*Work request:* Because the images are not wanted, restate every line below word for word without them.
*** Provided material ***
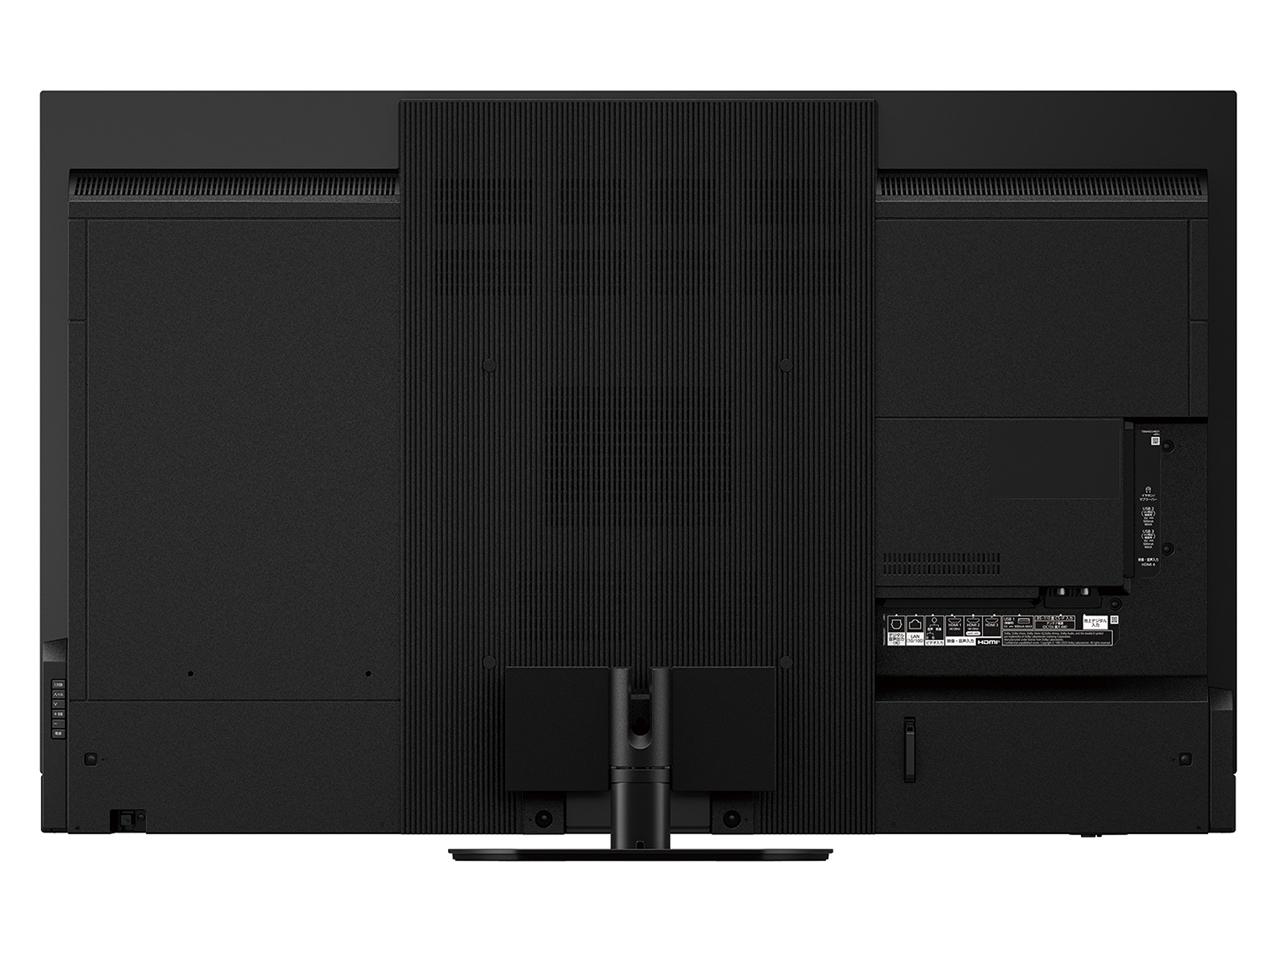 VIERA TH-55JZ2000 [55インチ] の製品画像
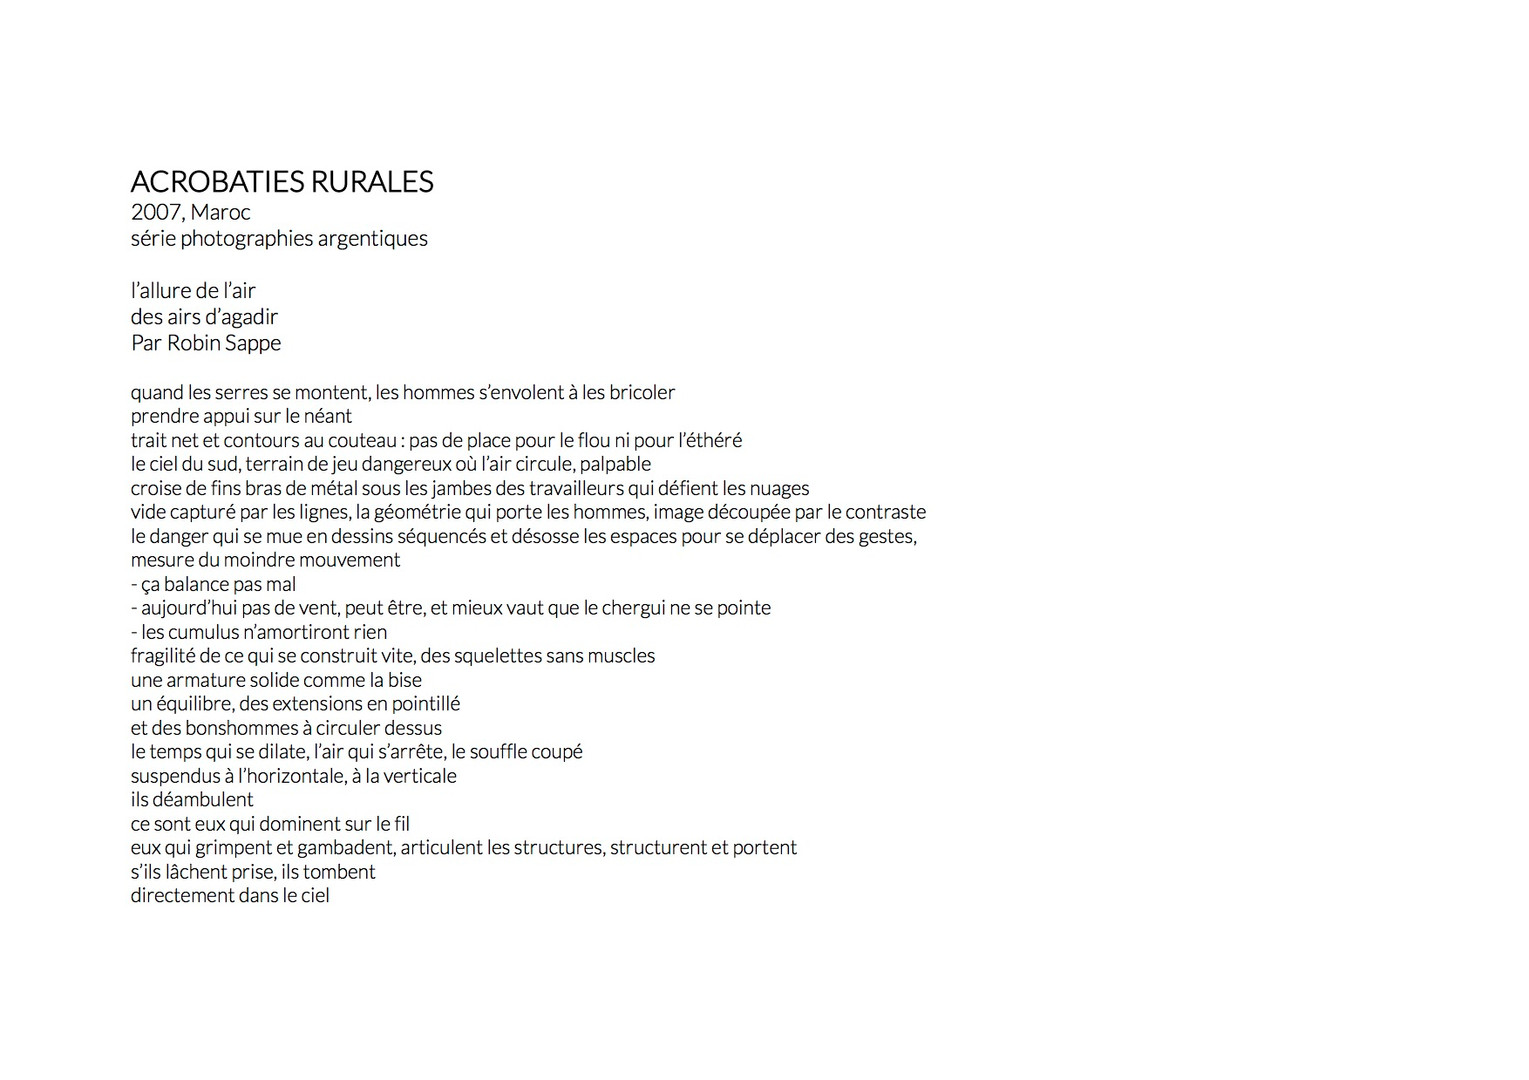 ACROBATIES RURALES - LATO.JPG
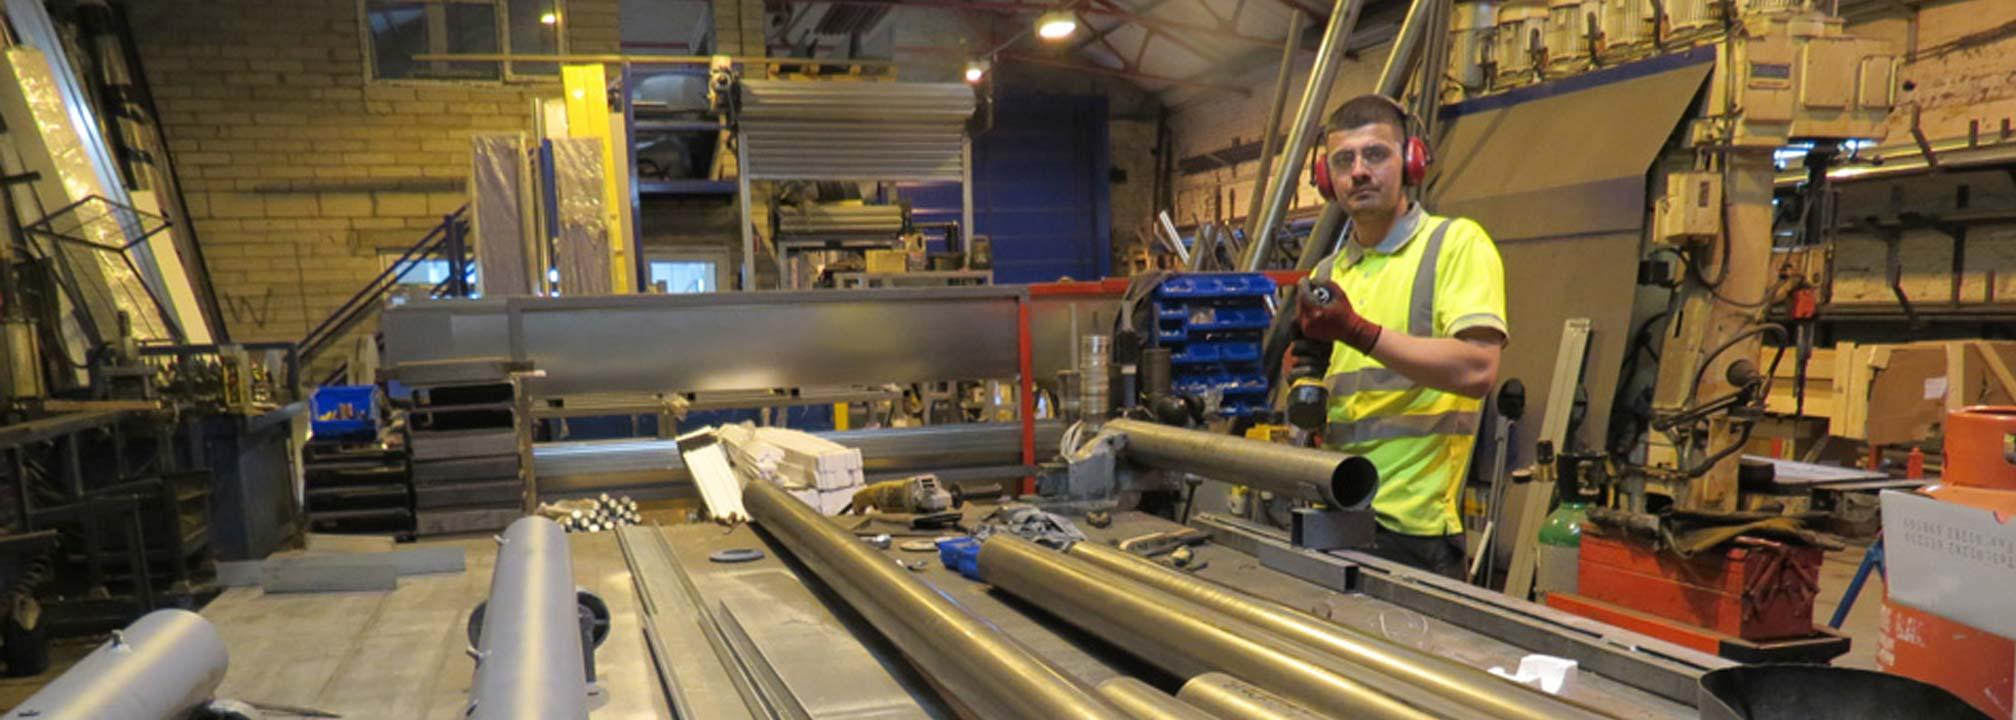 Roller Shutter Welder/Fabricator
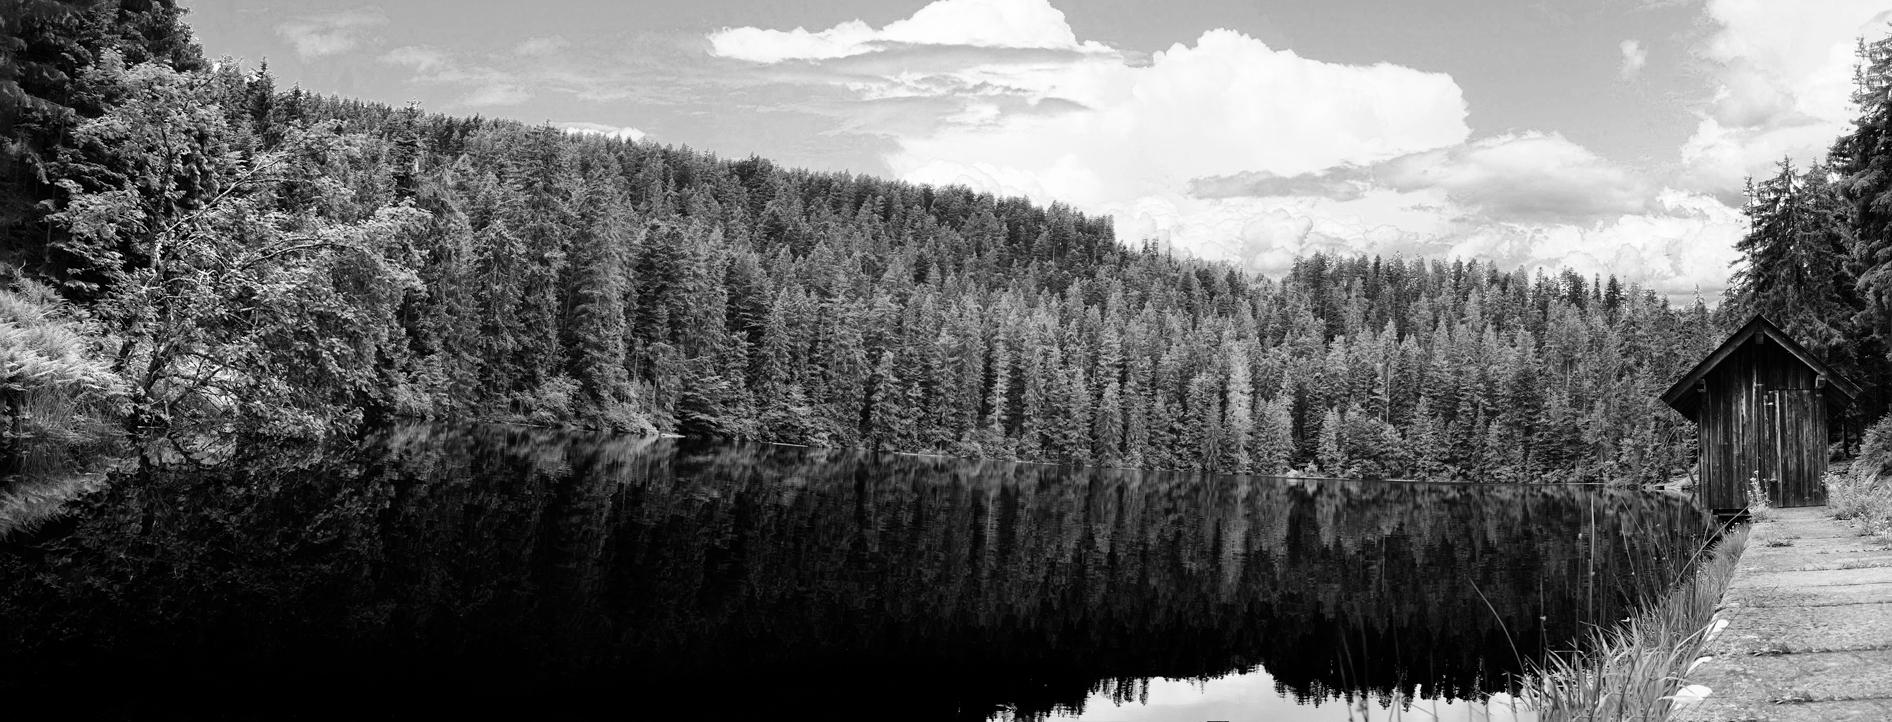 _glaswaldsee-pano.jpg
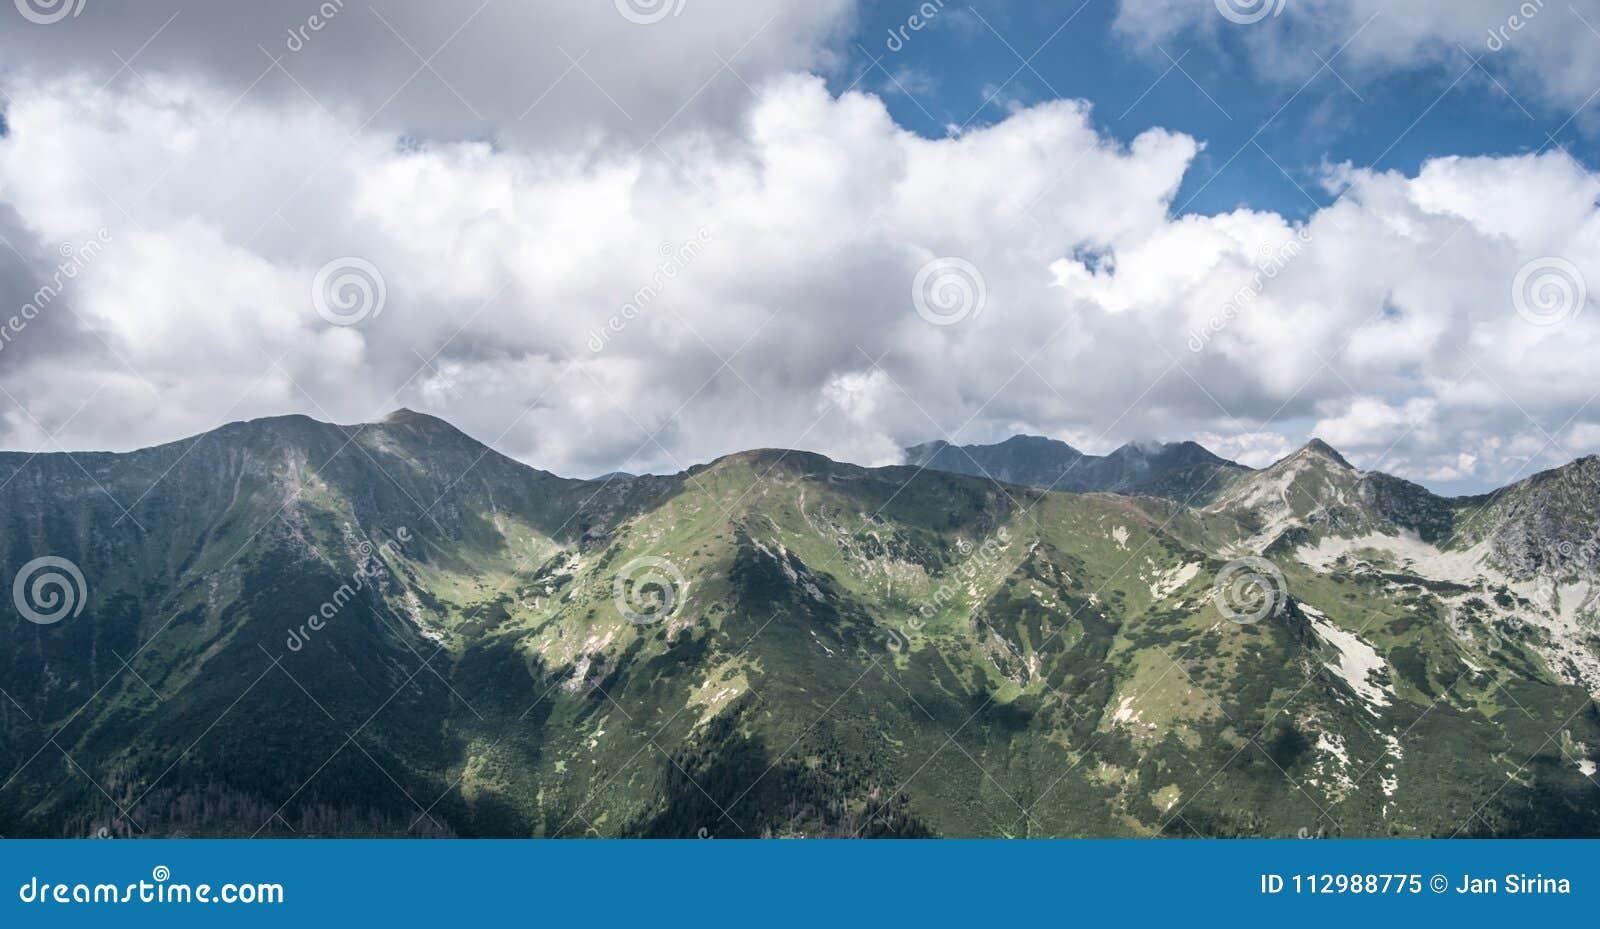 Baranec, Smrek, Placlive, Tri kopy, Hruba kopa and Banikov peaks in Western Tatras mountains in Slovakia
***
*Answer for this exercise:*
 VIERA TH-55JZ2000 [55インチ] の製品画像
 ACROBATIES RURALES - LATO.JPG
 Roller Shutter Welder/Fabricator
 _glaswaldsee-pano.jpg
 Baranec, Smrek, Placlive, Tri kopy, Hruba kopa and Banikov peaks in Western Tatras mountains in Slovakia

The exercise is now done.